I am currently evaluating OpenNebula 5.4 on CentOS 7 and followed the deployment instructions. Datastores are presented on a NFS share.
One use case for my scenario needs the use of persistent disks. I can perfectly create a new VM from Sunstone with a persistent disk.
The only thing I don’t understand is that at the same time a new VM Template is created with the same name.
I can safely delete this template (without deleting the image of course).
Questions:
Is this template creation on purpose? If yes, please enlighten me, because I cannot fine one
If you need more details or explanation, please let me know.
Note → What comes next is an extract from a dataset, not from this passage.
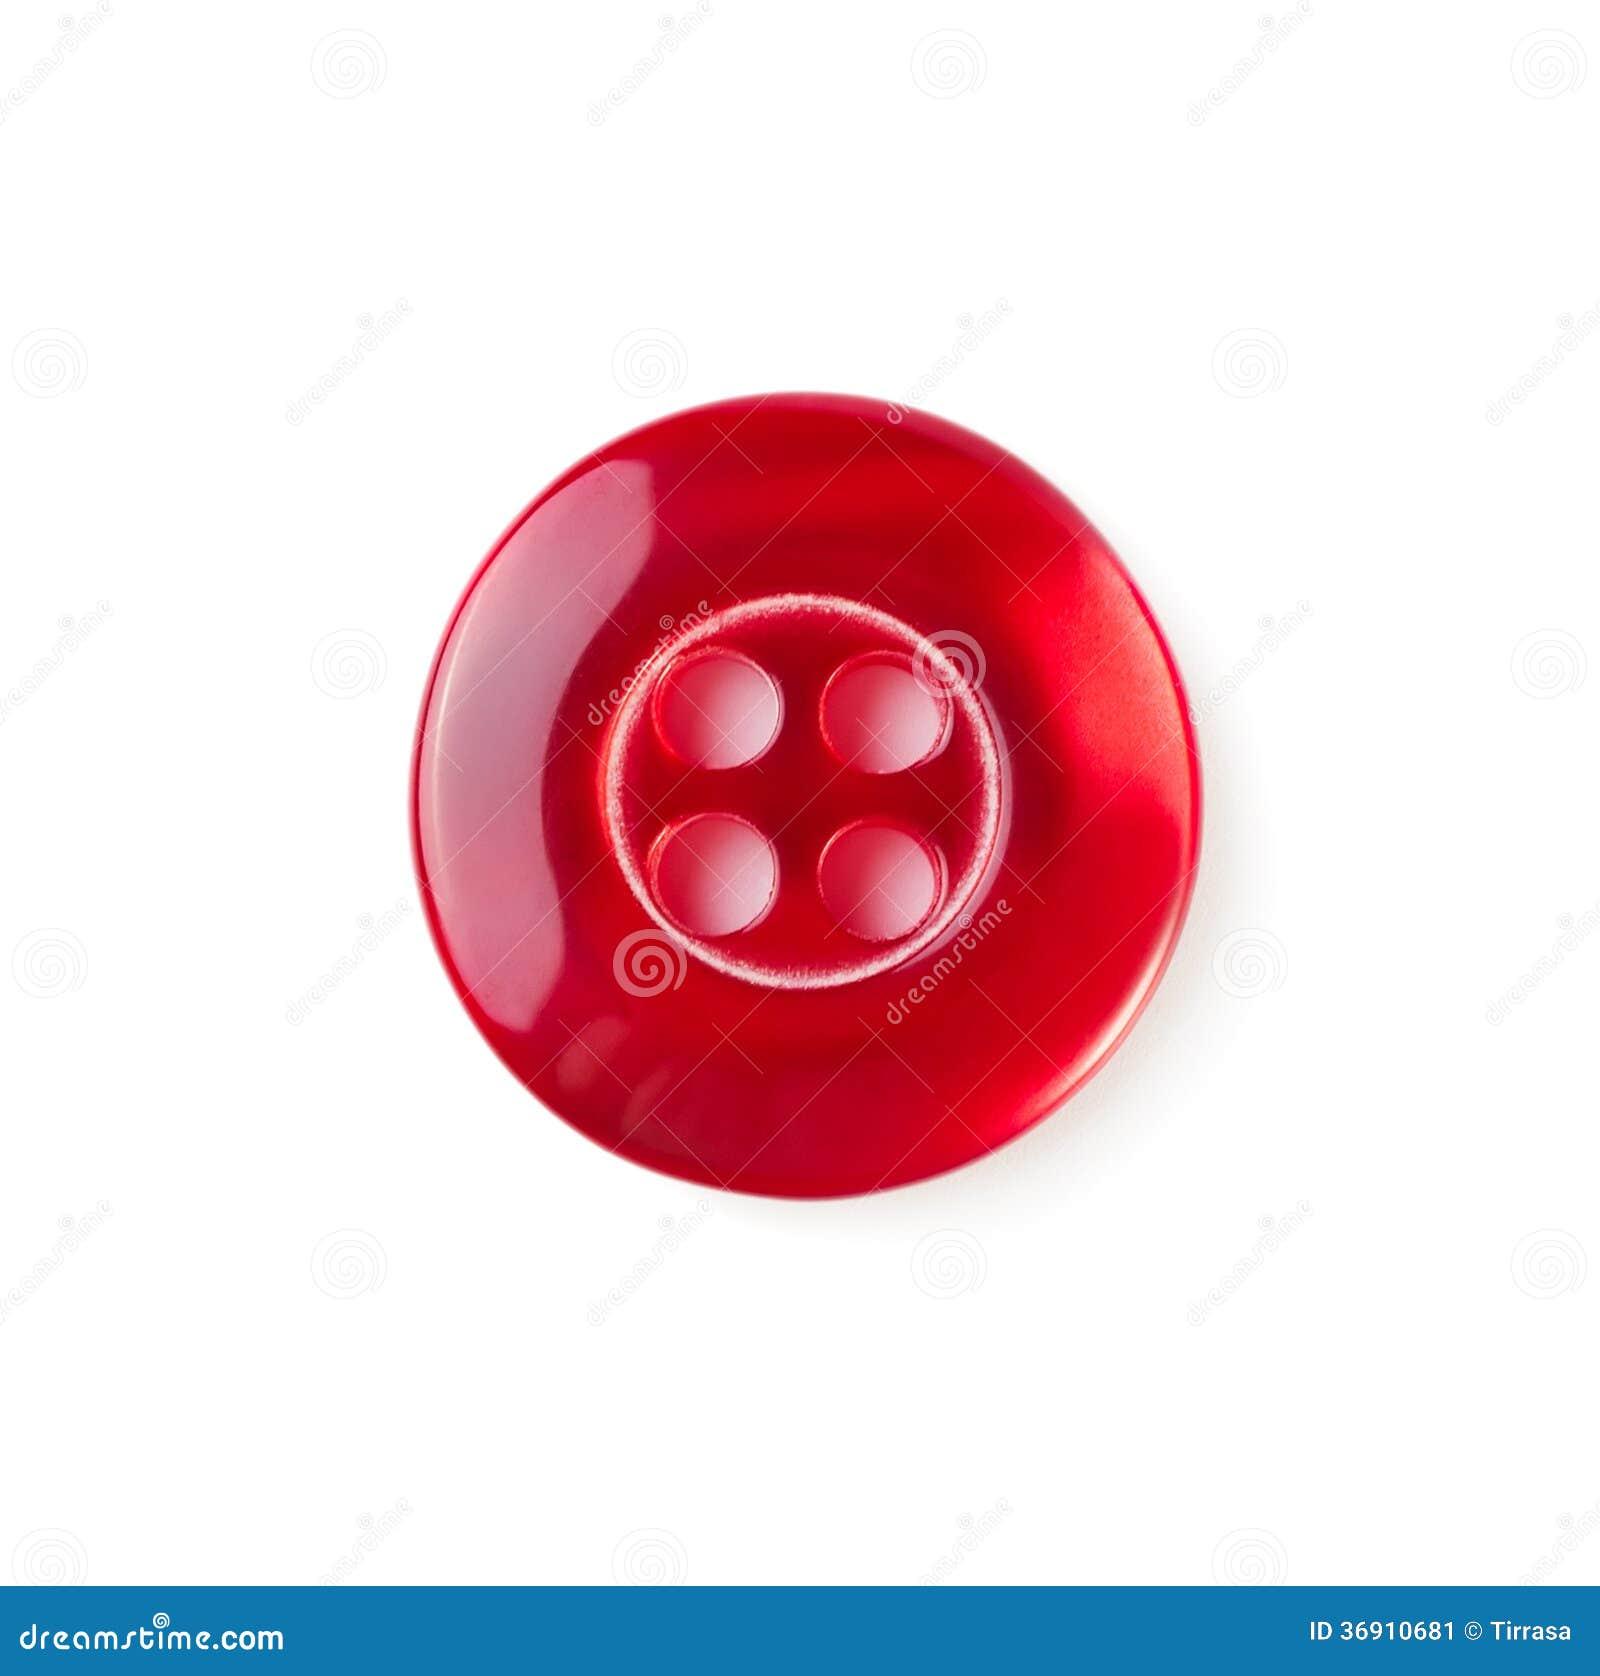 Modern dressmaker buttons - Red Sewing Button

That is the default behaviour. When you instantiate a VM to persistent, you are explicitly asking OpenNebula to create a VM Template to instantiate VMs with the changes made to the original, instantiated to persistent VM.
Ok, thanks for the clarification, Tino.
My goal was to instantiate a new VM with a persistent (copy) of the image assigned to the template using Sunstone. I might test a little bit more.
I tested the different possibilities to instantiate new VMs and still find it confusing to mix “real” templates (=base templates from where the lifecycle of new VMs start) with templates which can only (re-)instantiate one dedicated VM.
I think the reason of this implementation is to give the end user the possibility to reinstantiate a VM after it has been terminated. Am I right here?
If so, in my oppinion a better and less confusing workflow would be to let the user choose a (persisent and unused) OS Image during the instantiation of a new VM in Sunstone. Using the CLI this is possible, but most of my user base uses graphical interfaces.
What do you think about this approach?